Weine der Burgunderfamilie

Noirien oder Nairien?

Noirien, aber sicher nicht ‘non rien’, ist ein in Frankreich

verwendetes altes Synonym für Rebsorten der

Pinotgruppe, manchal auch Nairien, Noirin oder Noirun

genannt. Markus Utiger von der Tanninreich GmbH in

Baden hat verschiedene Weine aus der Burgunderfamilie

mitgebracht, präsentiert und lässt sie degustieren,

wozu sich die anwesenden Weinfreundinnen und Weinfreunde

nicht lange bitten liessen.

Zum Einstiegsreferat lässt Markus Utiger eine Cuvée Salomé

Sekt von Friedrich Becker aus der Pfalz einschenken. Dieser

Sekt ist aus Chardonnay-Trauben gekeltert und wird à la

méthode champenoise im Holzfass ausgebaut. Andere Vertreter

dieser Gruppe heissen Chardonnay/Noirien blanc, Pinot

Crepet/Noirien de la Grande Race, Pinot Meunier/Noirien Enfarine

und andere mehr. Im deutschsprachigen Raum werden

die Weine aus den verwandten Pinot-Rebsorten als Burgunder

bezeichnet. Sie haben alle ihren Ursprung in der französischen

Region Burgund und sind je nach Region unter den

Bezeichnungen Spätburgunder, Schwarzriesling, Frühburgunder,

Sankt Laurent oder Pinot Liébault bekannt.
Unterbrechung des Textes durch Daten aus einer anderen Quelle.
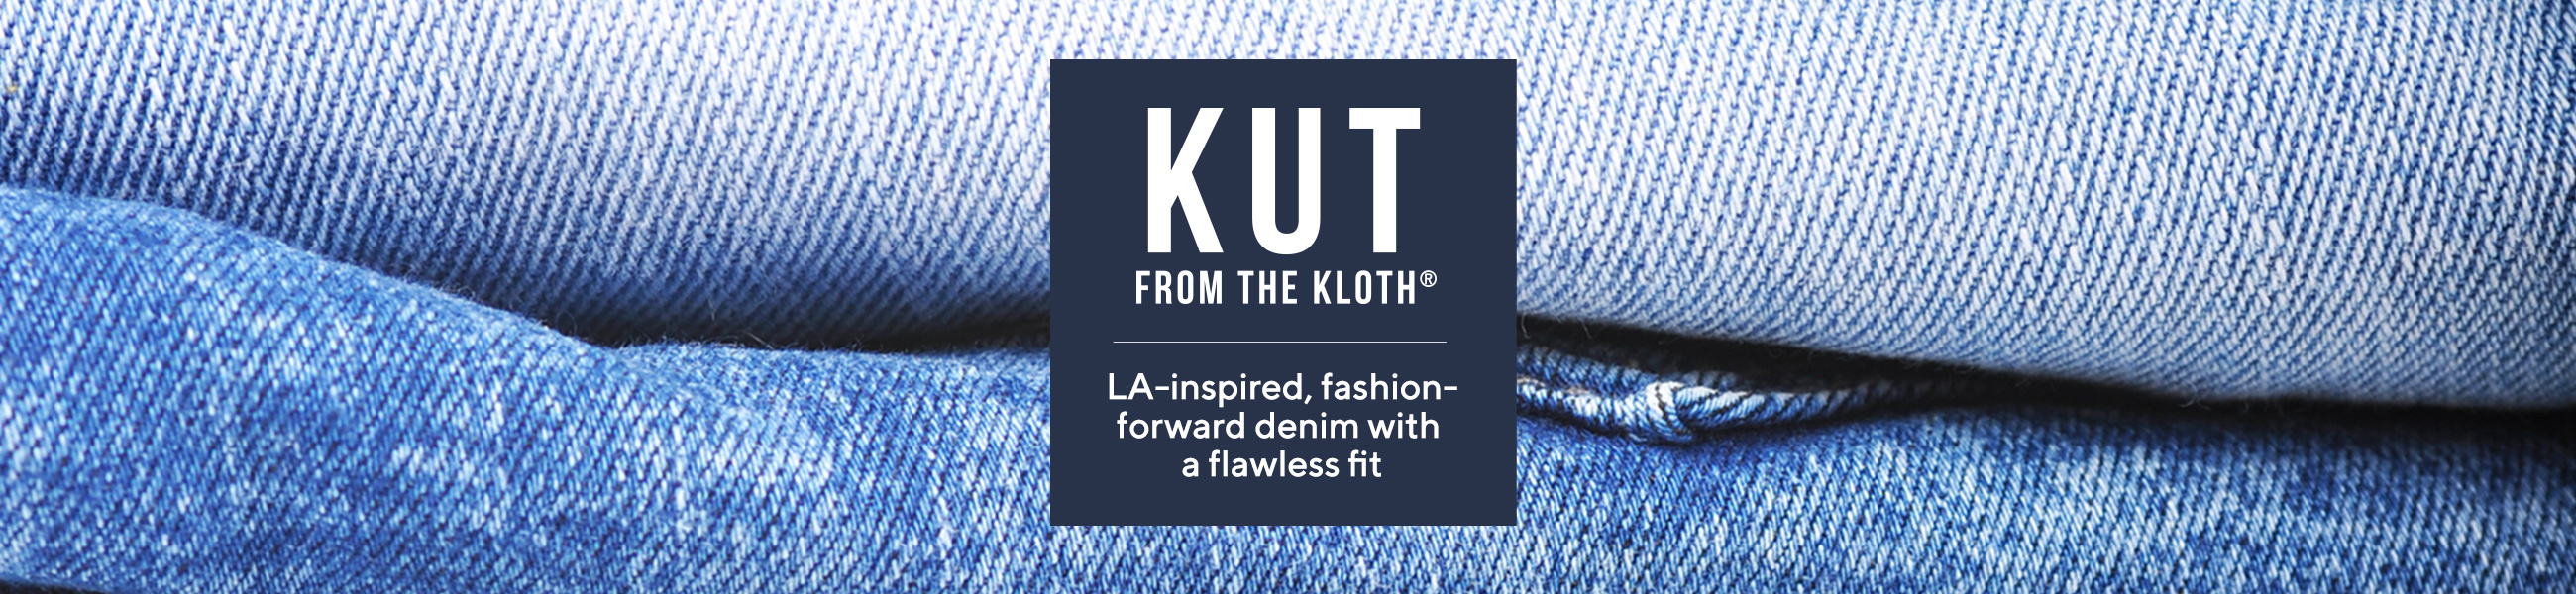 Kut from the Kloth LA-inspired, fashion-forward denim with a flawless fit

Die weissen Burgunder-Schwestern kennt man unter Weissburgunder

(Pinot Blanc) und Grauburgunder (Pinot Gris). Es existieren

mehr als 1000 Klone und die Rebsorte ist seit 2000 Jahren

bekannt. Kreuzungen daraus kennt man unter den Namen:

Carminoir (Pinot Noir x Cabernet Sauvignon), Diolinoir (Rouge

de Diolly x Pinot Noir), Domina (Blauer Portugieser x Pinot Noir)

oder Pinotage (Pinot Noir x Cinsault). Viele Namen, aber wie

schmecken die Weine mit den klingenden Bezeichnungen?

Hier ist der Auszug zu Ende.